Rural Women Who Now Make Decisions and Create Jobs
Denia is not the only one. When Evenilda Morán retired in 2015 as a primary school teacher, she thought it was time to stay at home. Evenilda, who owned land suitable for raw sugarcane production but had never worked in agriculture, is now the president of the Union of Sugarcane Producers of the South (UPROCASUR), an organization of small and medium‑scale producers in southern Honduras.
“It was not at all a process that allowed us to make money quickly,” she explains. “Here you have to learn how to manage the crop, how to fertilize, how to clean, how to understand the process.” Along with the rest of the board, she began training in production, machinery operation, quality control, and organizational management to start what is now the country’s first industrial plant for powdered sugarcane.
Today, the plant generates employment for hundreds of people during the harvest season, and for Evenilda, that impact is one of the greatest rewards. “It’s very satisfying to see the amount of labor needed and to know that jobs are being created in the area,” she says. She also highlights the transformation within families: income that helps sustain households, opportunities for young people who might otherwise migrate, and new skills acquired by workers who had never set foot in an industrial plant.
The Entrepreneurial Spirit the Country Needs
María Rutilia Mendoza, also a member of COCASAM, is an associated producer and secretary of the cooperative’s Oversight Board.

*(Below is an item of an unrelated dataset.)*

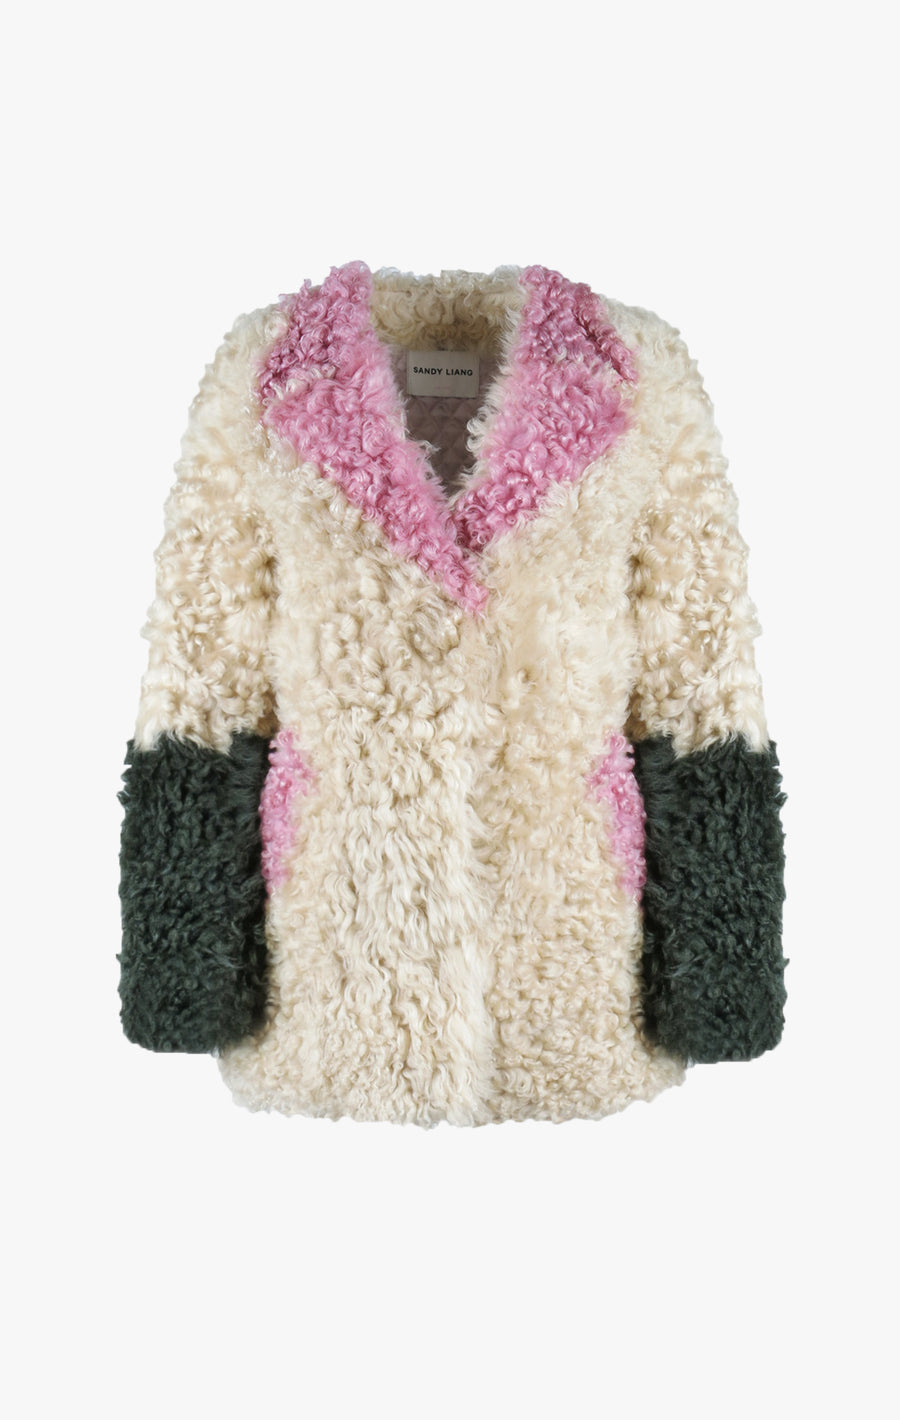 Shearling coat with contrast pink, cream, and green details

From her experience, she emphasizes the value of collective organization in improving the incomes of farming families.
“Before, we delivered our production to intermediaries,” she explains. “By organizing, we have increased the economic value of the coffee, and that allows us to support our families.” For Mendoza, women’s leadership in the agricultural sector begins with recognizing themselves as capable and complementing the work of others in the territory: “When women and men join forces, it becomes easier to develop a community, a municipality, and, why not say it, a whole country.”
In María Rutilia’s case, this entrepreneurial vision has gone beyond COCASAM. She has turned her farm into a small business that diversifies family income. Starting with coffee, she incorporated activities like agritourism and artisanal product making, now receiving both national and international visitors and creating new economic opportunities for herself and other families.